─── Recorded information ───

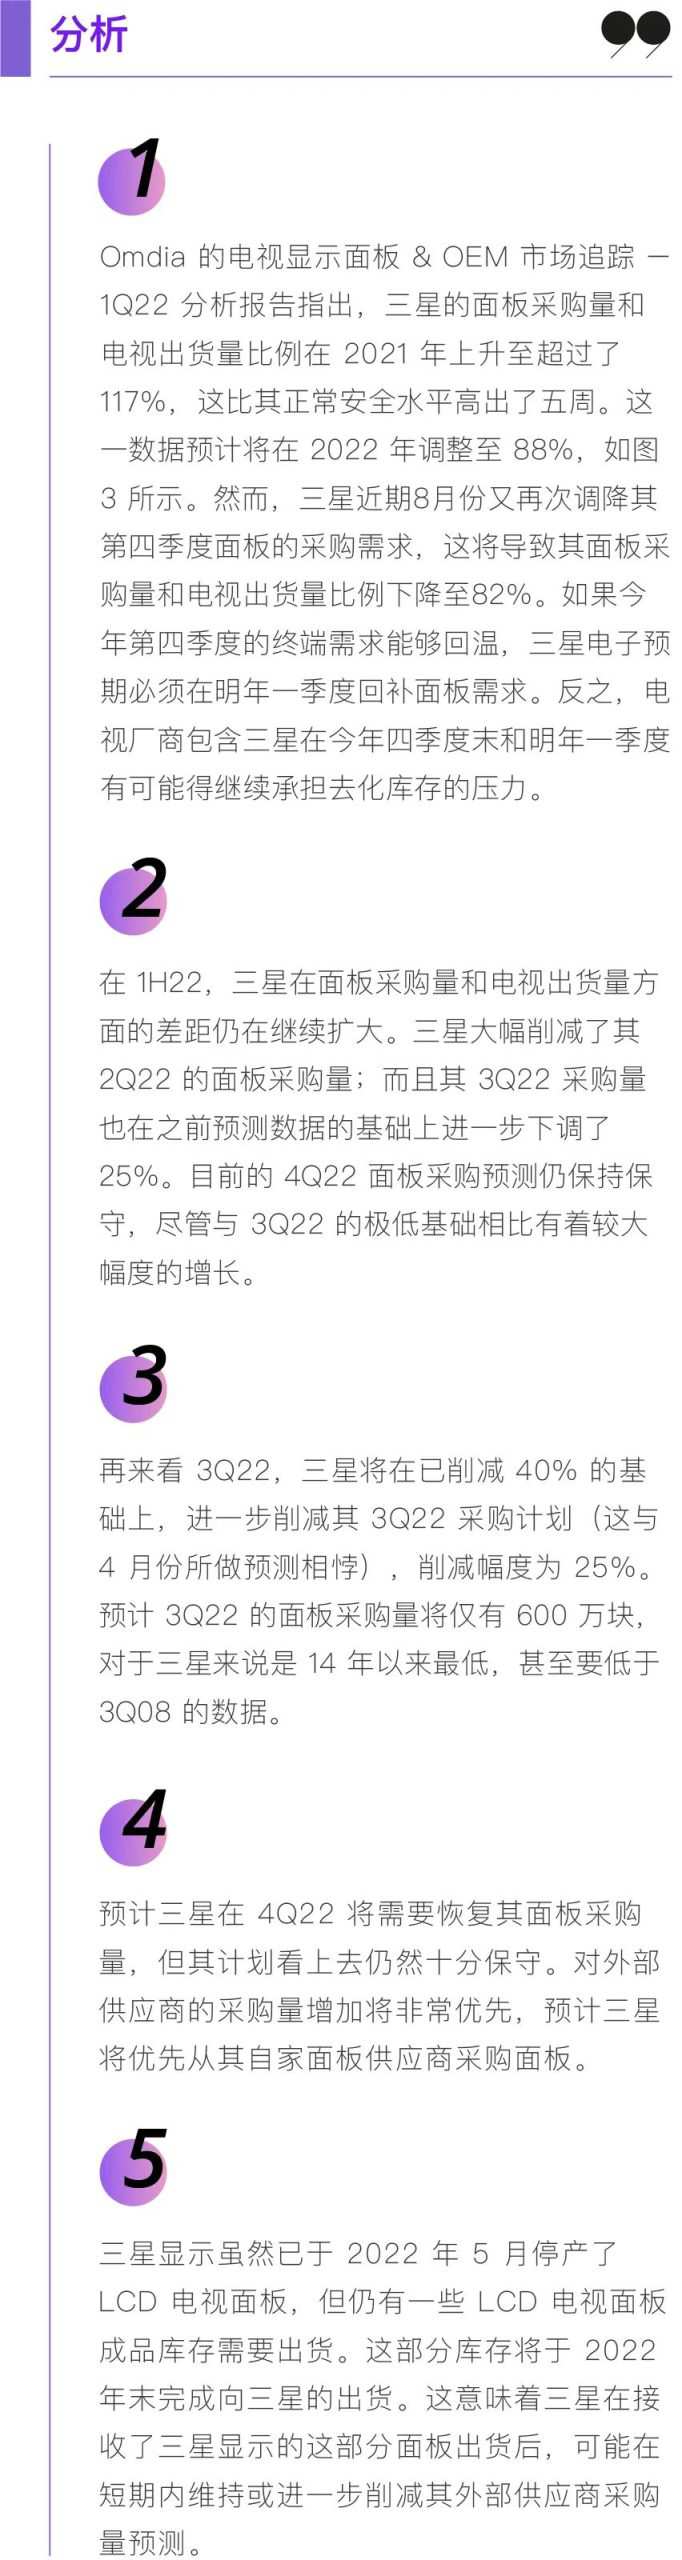 中国显示产业大会「2021世界显示产业大会议题」
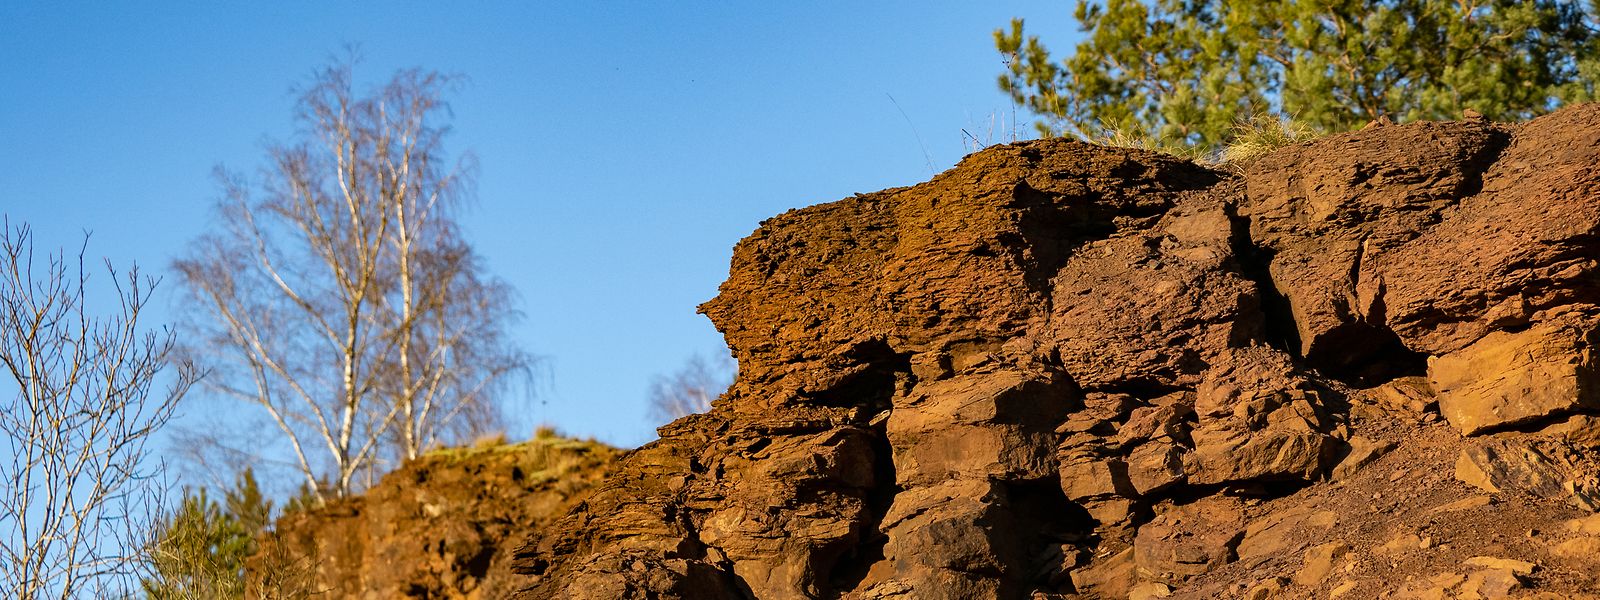 Grand Canyon im Kleinformat: Die roten Felsen sind das Wahrzeichen der ehemaligen Industrieregion im Süden Luxemburgs.
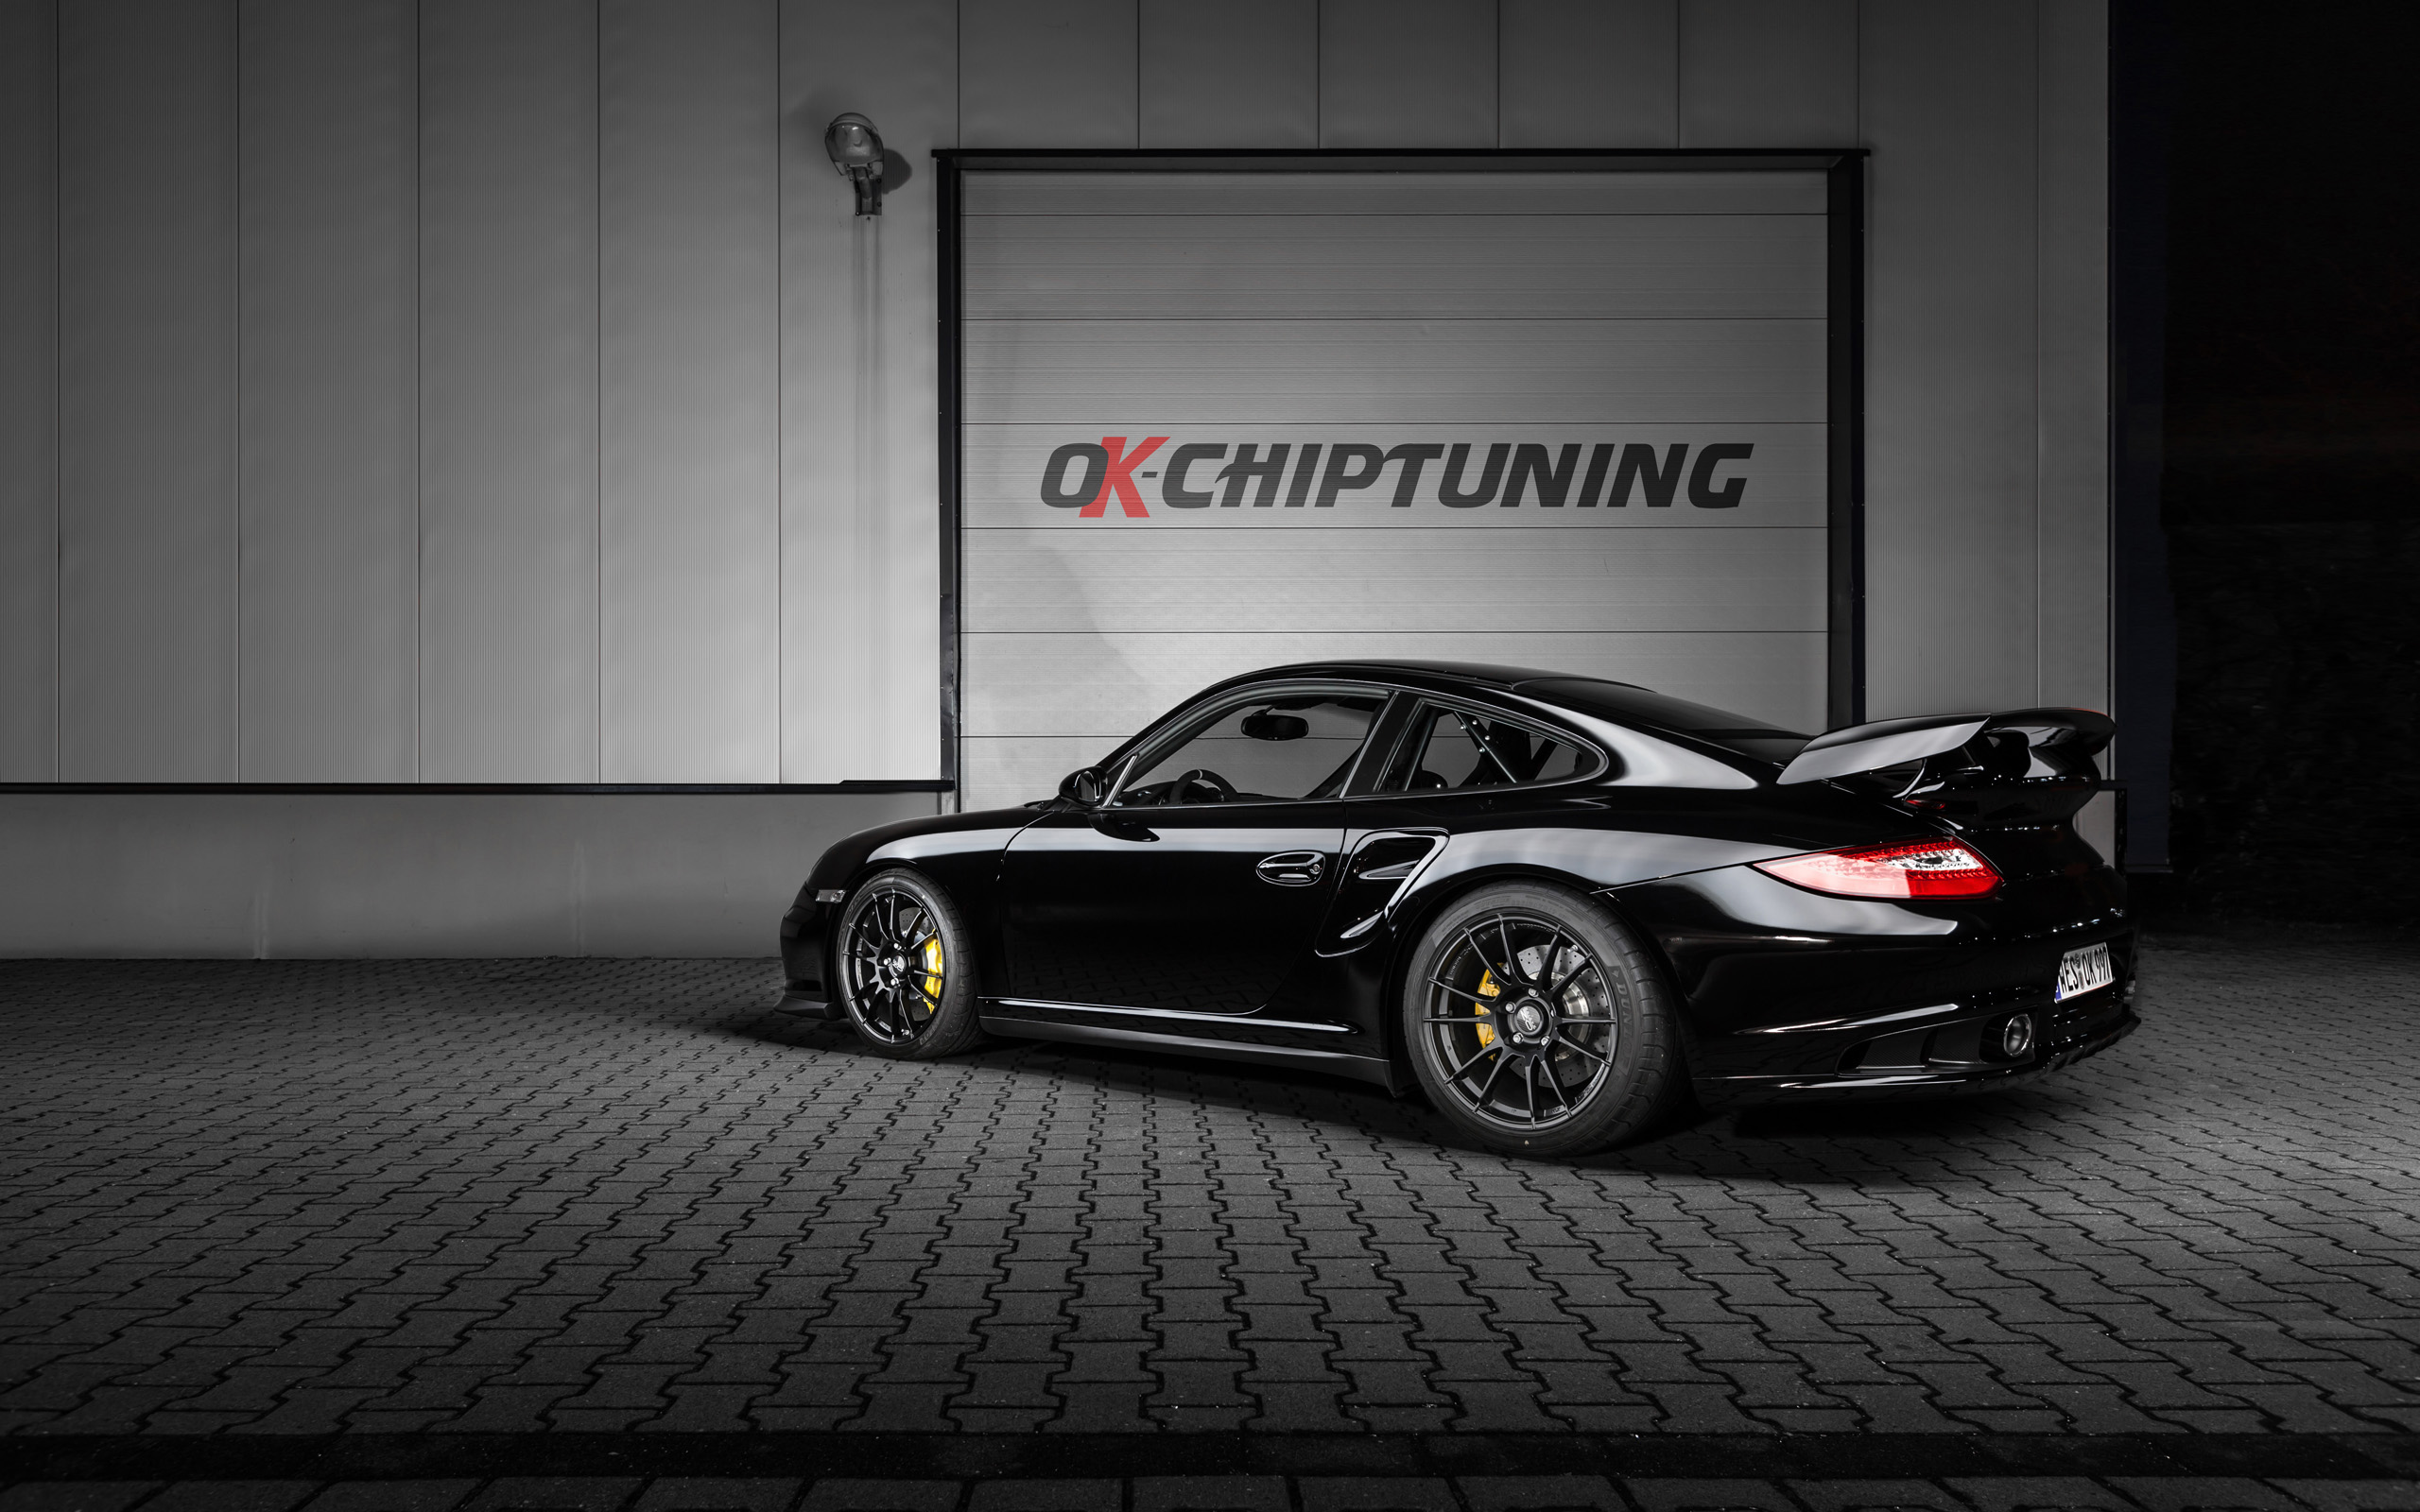 2014, Ok chiptuning, Porsche, Gt2, Clubsport, Tuning, Supercar Wallpaper
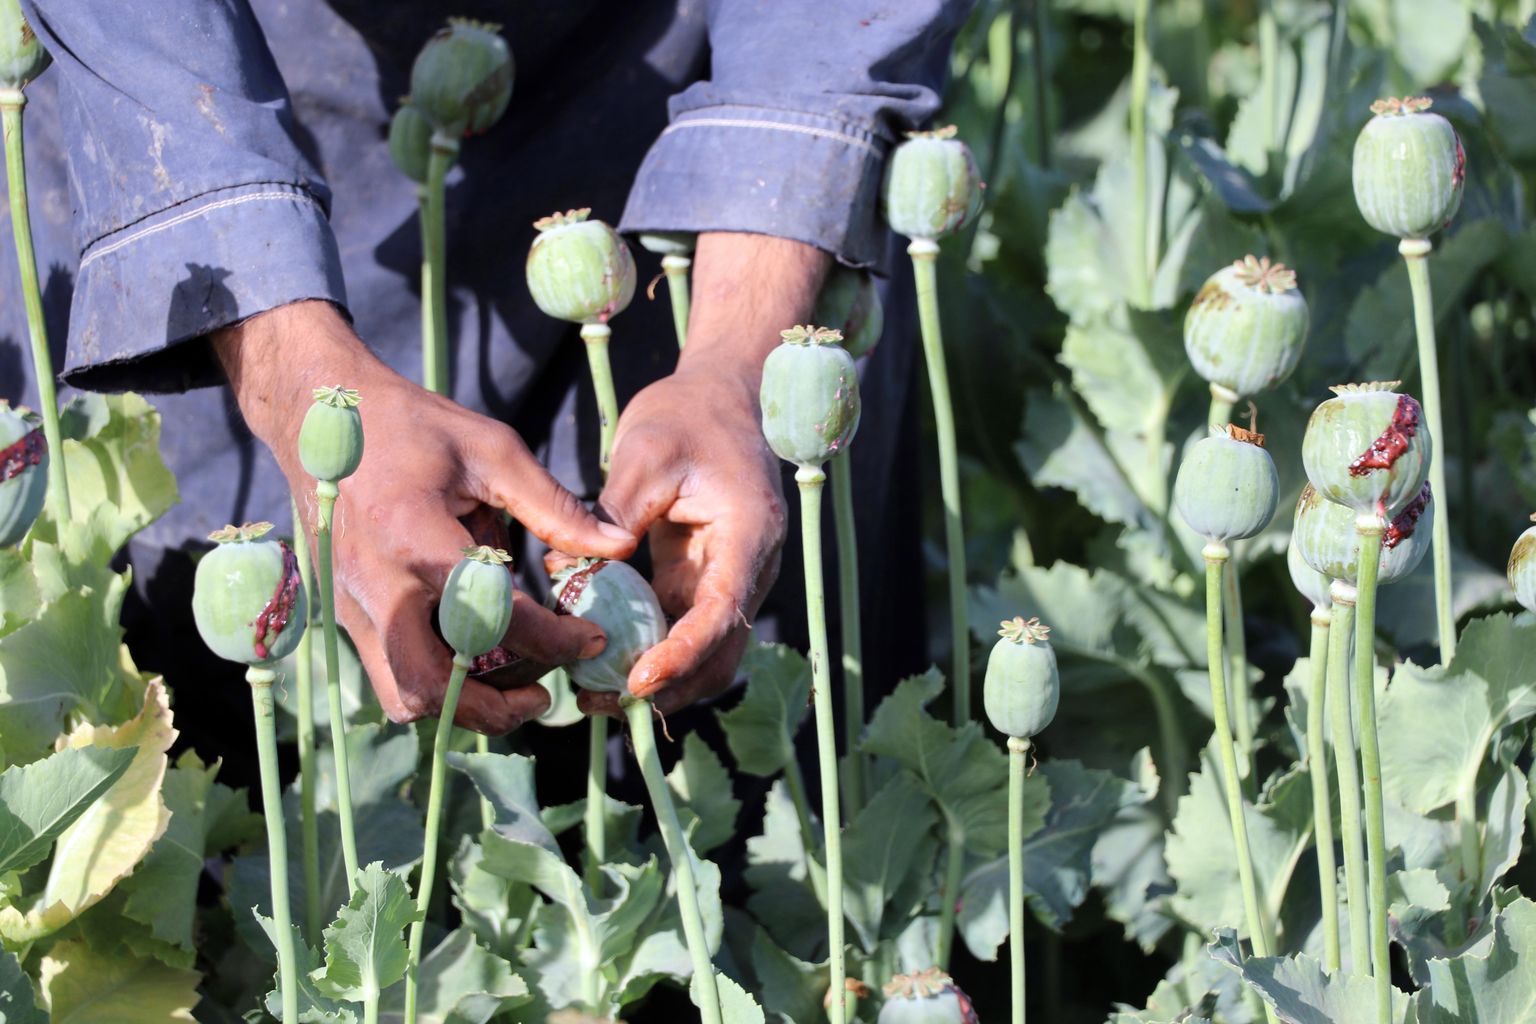 Oopiumimagunate kuprad Afganistanis Kandaharis 29. märtsil 2022. Poolvalminud kuparde piimmahla nimetatakse oopiumiks

───

### Activity
Where pictures appear, skip them and transcribe all other material word for word.

### Written response
 中国显示产业大会「2021世界显示产业大会议题」
 Grand Canyon im Kleinformat: Die roten Felsen sind das Wahrzeichen der ehemaligen Industrieregion im Süden Luxemburgs.
 2014, Ok chiptuning, Porsche, Gt2, Clubsport, Tuning, Supercar Wallpaper
 Oopiumimagunate kuprad Afganistanis Kandaharis 29. märtsil 2022. Poolvalminud kuparde piimmahla nimetatakse oopiumiks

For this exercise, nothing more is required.